FXStreet (Guatemala) - David Woo, head of Global Rates and Currencies Research at Bank of America Merrill Lynch said growth matters more than tapering.

Key Quotes:

"Investors fear slower US growth more than Fed tapering. We worry that extreme weather may continue to weigh on growth sentiment in the near term. Markets have a tendency to over-react to either abnormally warm (US: Q1 2012) or cold weather (Europe: Q1-2013) at this time of the year".

"Extreme weather likely continue to sap growth optimism. According to our calculation, this January was the coldest in the US since 1988. February is set to also be colder than usual. Consumer spending appears more sensitive to the weather in Q1 than Q4. The correlation between Q1 US GDP growth and average Q1 temperature was 48% over the past decade".

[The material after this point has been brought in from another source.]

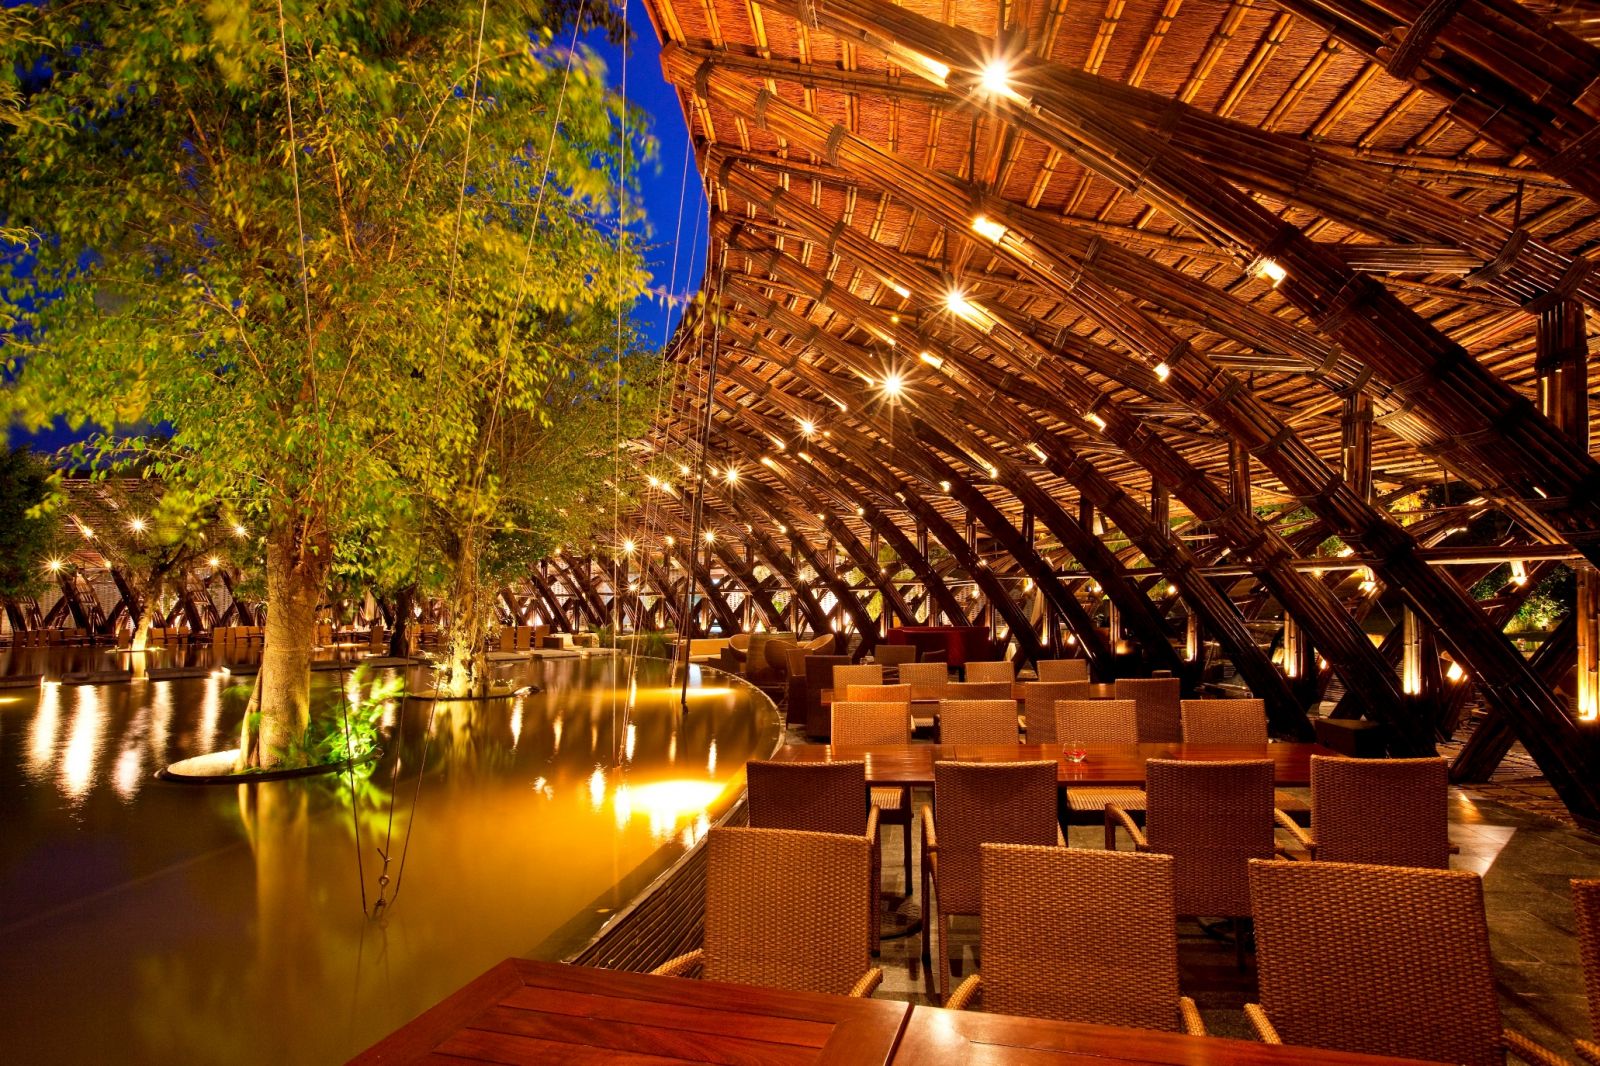 Thuộc hệ thống nhà hàng sang trọng của Flamingo Đại Lải Resort, nhà hàng Bamboo Wings là niềm tự hào của kiến trúc Việt với nhiều giải thưởng quốc tế như International Architecture Awards hay Green Architecture

"Positioning unwind gone a long way but not over. We remain bullish on US growth this year and stand behind our end-2014 forecast for 10y Treasury yields and USD/JPY at 3.75% and 108. In the short term, we are wary that the unwinding of short US rates and short JPY positions may not be over".

"Benefit from weather volatility via calendar spreads. To profit from weather induced uncertainty, we recommend calendar spreads in US rates or USD/JPY: sell a 6w USD/JPY 105 one-touch option to finance buying a 12w 105 one-touch option; sell 6w payer on 10y, 2.9% strike and buy 12w payer on 10y, 3.1% strike. The biggest risk to these trades is a stronger-than-expected January NFP - the NFP survey week was unusually warm even though the entire month was very cold".